La inmunoterapia, junto con los anticuerpos biespecíficos, los anticuerpos conjugados, los inhibidores de la tirosina quinasa de Bruton (BTK) y las terapias celulares CAR-T, están revolucionando el manejo de los linfomas en España. Estas innovaciones permiten tratamientos más personalizados y, en algunos casos, reducen la dependencia de la quimioterapia tradicional. Según la Sociedad Española de Oncología Médica (SEOM), estas terapias son fundamentales en la estrategia de tratamiento, especialmente en casos avanzados de linfoma de Hodgkin clásico.

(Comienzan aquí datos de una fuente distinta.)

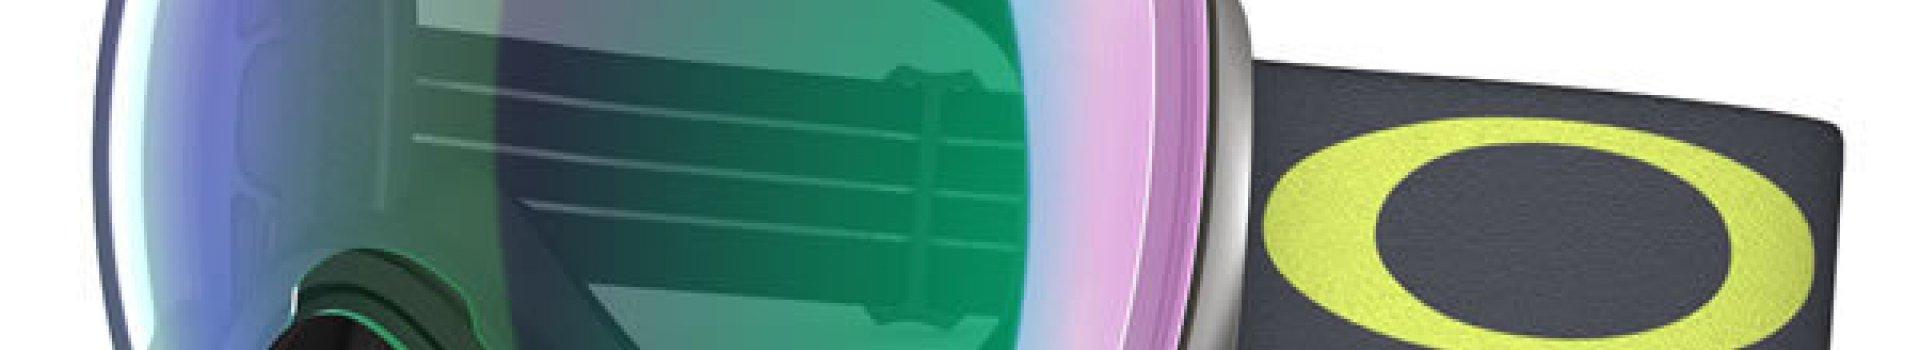 Prizm - nowa szyba w goglach Oakley

En el contexto de la campaña “En Oncología cada AVANCE se escribe en Mayúsculas”, se destaca que este 2026 se estima que se diagnosticarán 12.201 nuevos casos de linfomas no hodgkinianos y 1.792 casos de linfoma de Hodgkin en España. Estos números resaltan la importancia de los avances en el tratamiento, que han permitido mejorar la supervivencia de los pacientes. Por ejemplo, la supervivencia neta estandarizada a cinco años es del 85,5% para el linfoma de Hodgkin y del 68,8% para los linfomas no hodgkinianos, aunque estas cifras varían según el subtipo de linfoma.
Entre los tratamientos más destacados se encuentra la combinación de nivolumab con quimioterapia en el linfoma de Hodgkin, que ha mostrado tasas de supervivencia a dos años del 92%. Además, el uso de anticuerpos biespecíficos como glofitamab y epcoritamab ha cambiado radicalmente las opciones terapéuticas, permitiendo estrategias más efectivas en fases precoces de la enfermedad. La terapia celular CAR-T también ha demostrado ser un cambio significativo para pacientes con linfomas B de células grandes, lo que subraya la evolución en el tratamiento de estas neoplasias.